All measurements were performed under consistent image processing parameters to minimize variability. Data were analyzed and presented as normalized mean fluorescence intensity values.

3.5.5. Statistical Analysis

All experiments were conducted in triplicate to ensure the reliability of the results, and data are presented as the mean ± standard deviation (SD). Statistical analysis was performed using Microsoft Excel (Microsoft Corporation, Redmond, WA, USA). One-way ANOVA was used to analyze differences between groups followed by post hoc Bonferronic test. Statistical significance was defined as a p-value less than 0.05.

4. Conclusions

Tremella mesenterica represents an edible natural resource, and TMP demonstrates cost-effectiveness due to its high yield (26.74 ± 2.94%) achieved through enzymatic extraction, contributing to sustainability and eco-friendliness. Structurally, TMP is composed of mannose (as the main backbone), xylose, glucuronic acid, and glucose, forming a highly branched and complex polysaccharide structure that may influence its biological effects, such as skin cell moisturization. In vitro studies have shown that TMP significantly upregulates key hydration-related factors in keratinocytes, including AQP3, HAS2, FLG, and HAS3, which are involved in skin hydration mechanisms.

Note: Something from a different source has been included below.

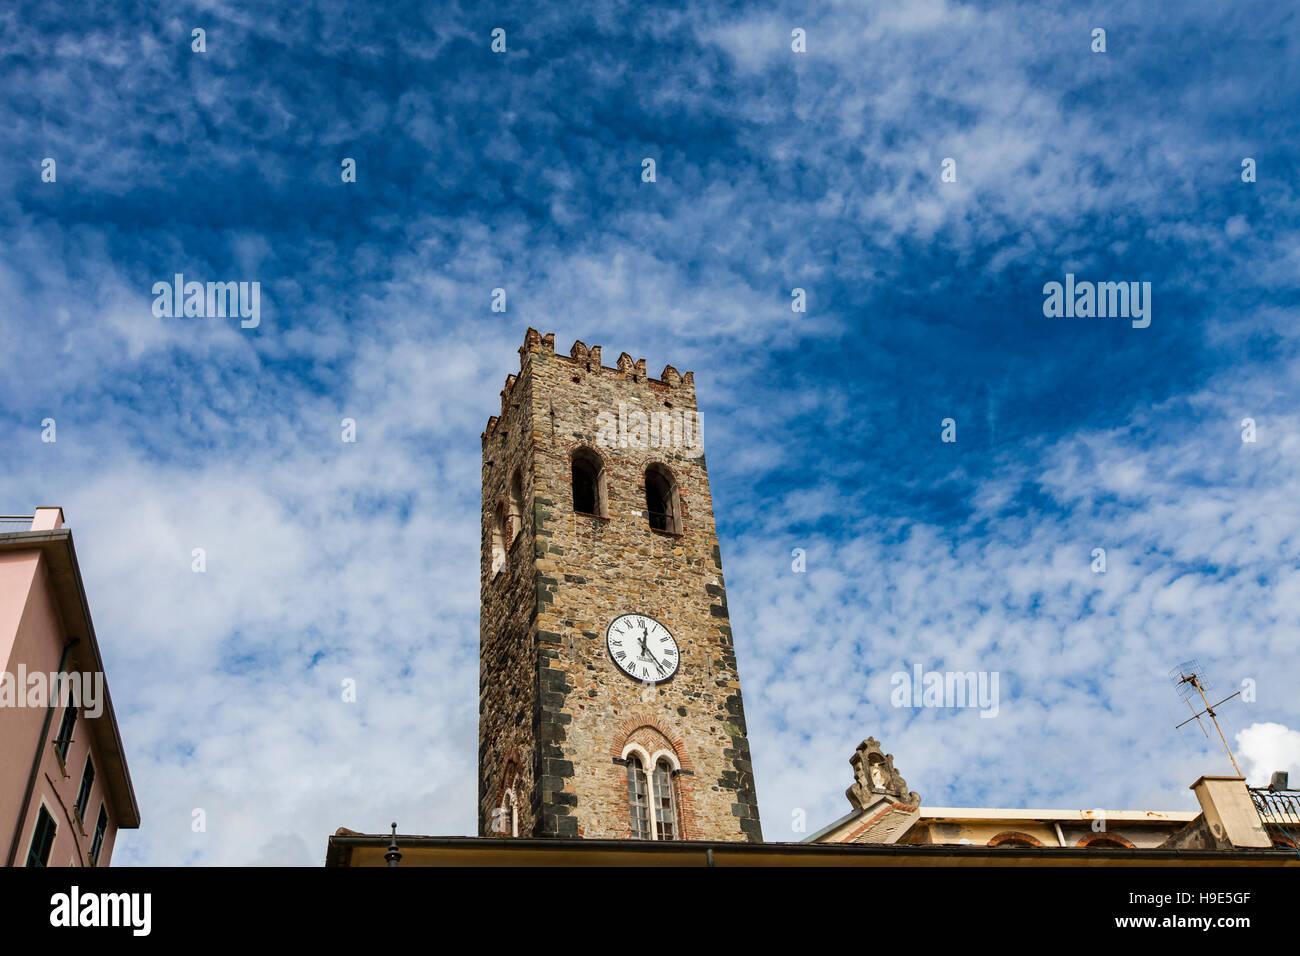 Il campanile della chiesa parrocchiale di San Giovanni Battista a Monterosso, Italia Foto Stock
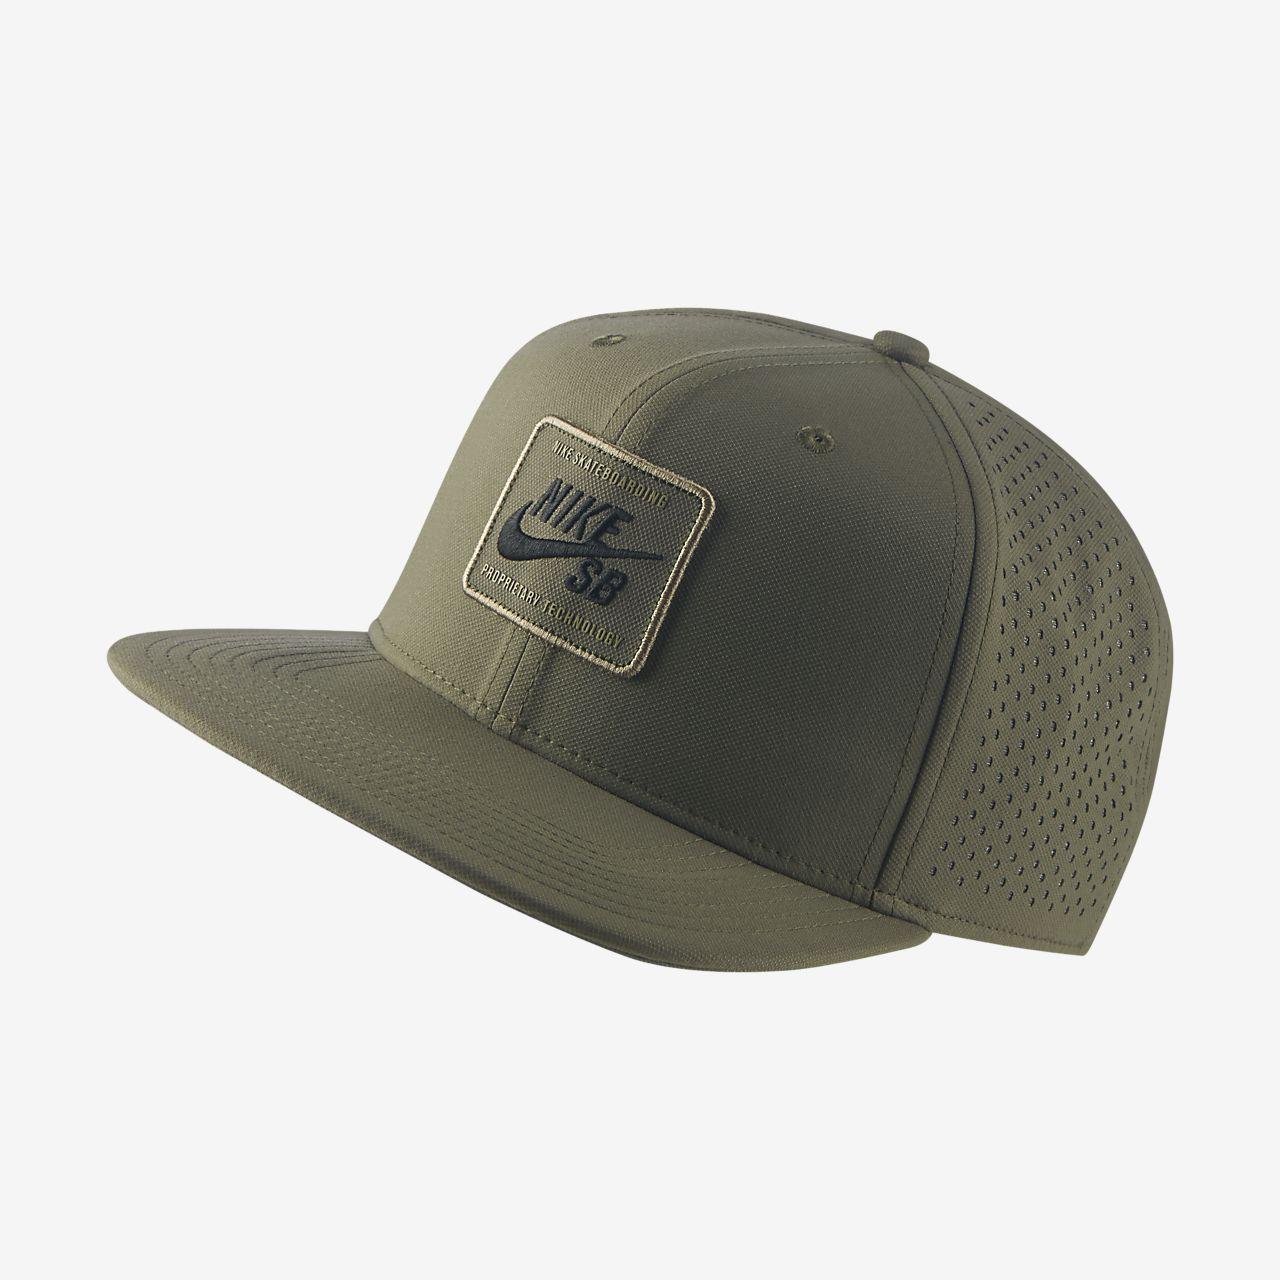 7e35135abde Nike SB AeroBill Pro 2.0 Skate Hat. Nike.com VN

However, further studies are required to validate its efficacy and safety. While the current findings are based on in vitro experiments, additional in vivo studies are essential to confirm TMP’s effectiveness and safety under physiological conditions. Despite these limitations, TMP’s unique structural properties and demonstrated moisturizing effects in vitro suggest that it could serve as a promising natural moisturizer with potential applications across diverse industries, including cosmetics, food, biopolymers, and pharmaceuticals.